For many of the questions I use during the interview process, I have a pretty
good calibration level regarding how long it should take someone to answer a
question. If the last couple of times I've used the question, the candidates
were able to come up with an answer in 5 minutes, and then another candidate
spends 10 minutes writing down an O(n __3) solution, and then tries to come up
with an more optimal solution, it might be understandable why I might give
that last candidate a somewhat lower score.

One thing that can help is to also keep talking so the interviewer knows what
you are thinking. That way if you outline an O(n __2) solution very quickly,
and then say, I think I can get a O(n log n) solution this other way, then
you're showing your work, and it's a lot easier to get partial credit on a
question.

In general it's better to explain the approach you want to take before you
start coding. If an interviewer knows that you're going off in the weeds,
perhaps because you misunderstood the problem, that will be an opportunity for
the interviewer to clarify the problem, and perhaps give you a hint to steer
you in the right direction. (Remember, most of the time the interviewer has
used this question multiple times in the past, so s/he know where people are
likely to get stuck, and very likely has hints prepared if people stumble ---
and one or two stumbles does not a No Hire make; the goal is to see how
someone codes and how they think, you don't get a 0 or 1 grade.)

------
cletus
Hi,

I am a Google engineer and have gone through the process twice (the first time
unsuccessfully). It can be a frustrating and even exhausting experience so I
certainly understand why you're bummed it didn't work out (I was the first
time) but let me clear up a few things.

You don't need to go to an Ivy League or otherwise top school (actually most
of the Ivies aren't in the top CS schools). I certainly didn't. I didn't even
go to school in the US.

As far as grades go, if you're going in with 5 years of post-school
experience, your grades probably won't even enter into the picture.

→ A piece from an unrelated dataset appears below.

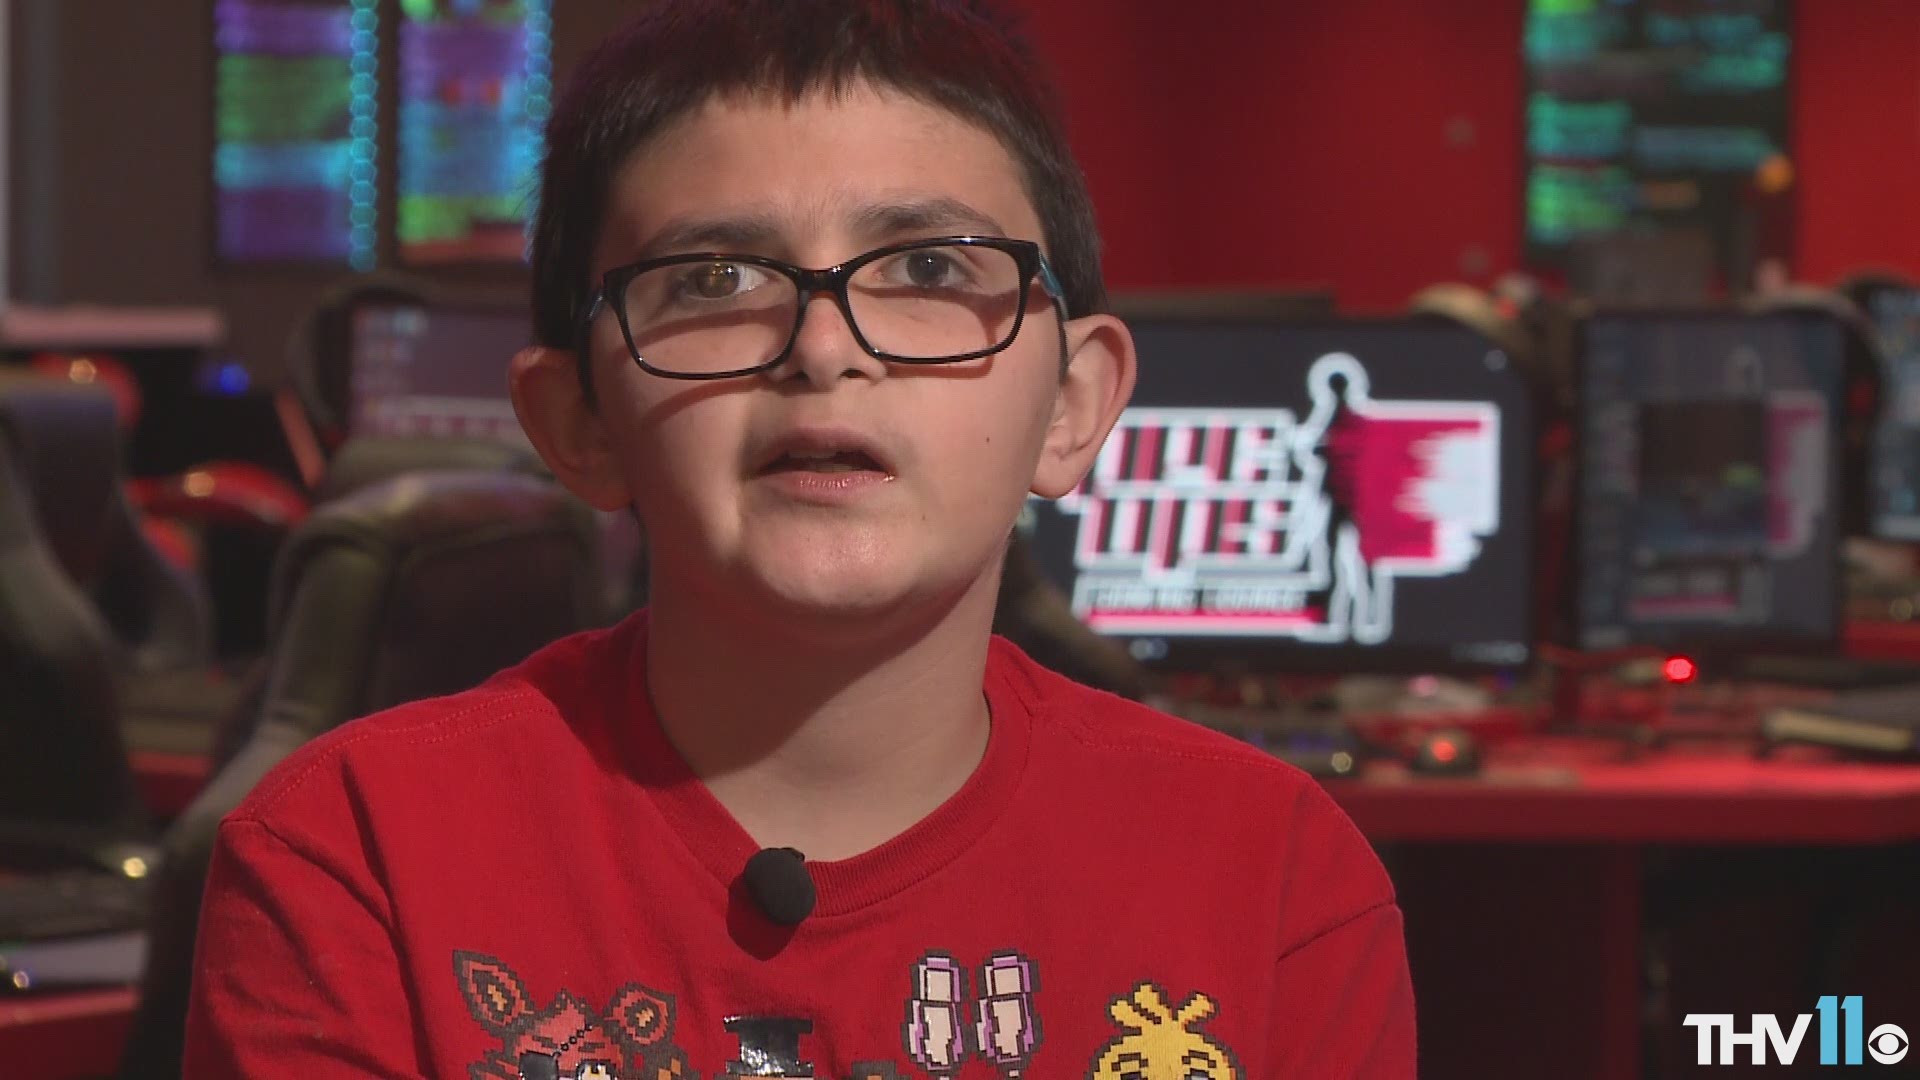 We're telling you about a young boy who loves videos games and science. But one thing he hasn't mastered yet is finding his forever family. Maybe you can help?

As far as releasing interview scores goes, that isn't going to happen for good
reason. A score, by itself, is meaningless. Interviewers are calibrated
against other interviews they've done and other interviewers. This is all in
an attempt to make a fair assessment of the candidate. If a particular
interviewer gives high marks to candidates where all the other interviewers
don't, that gets calibrated. And vice versa.

I would suggest that anyone who wants to apply have someone within the company
refer you. For one thing they'll be able to guide you through the process
better and (hopefully) set your expectations correctly.

Plus a strong internal reference will help you much more than acing an
interview question.

Starting with a basic solution won't hurt you either. You're right that
staring at the whiteboard blankly for half an hour is the wrong thing to do.
More than the code itself, the interviewer is interested in how you think and
how you apply your knowledge to find a solution more than the solution itself.
A suboptimal solution that works trumps no solution or even a more optimized
solution with serious problems. It's totally fine to start with something that
works and then refine.

One question though: did you have five interviews onsite one after the other
or was one of them a lunch (or was a lunch in between any of them)?

Feel free to contact me if you have any questions or simply want to pass along
any feedback.

EDIT: to clarify the calibration comment, imagine interviewers give a grade to
the interviewee. If a given interviewer gives nothing but A+s then an A+ means
less from that interviewer. Likewise, all Cs makes another C not necessarily a
problem. That's why I say individual feedback scores only mean something in
context.

Also, what an interviewer writes about you means WAY more than any given
score. An A+ with no justification is simply ignored. A C- with no
justification is likewise ignored.

Luck can unfortunately enter the process in a way different to what you might
expect. If we're hiring a lot of people then at that time it can be easier to
get a "yes". If headcount is tight, it becomes correspondingly harder to get a
"yes".

Lastly, there are two different answers wrapped up into "no" that you
unfortunately can't distinguish between from the feedback you're given.

The first is a definite "no" in that we're sure that at least for now we don't
want to extend an offer. You may simply not be ready. There can be lots of
reasons. We may well re-interview such people a year or more down the track. A
very few are definite "no"s (eg they became belligerent or wildly
inappropriate--yes it sometimes happens).

The second type of "no" is simply "we're not absolutely sure it's a yes". I
must've fallen into this category because I was contacted two months later.
You may well be in this category. Unfortunately there's no way to know. But we
do keep records of those that applied and constantly go back through them.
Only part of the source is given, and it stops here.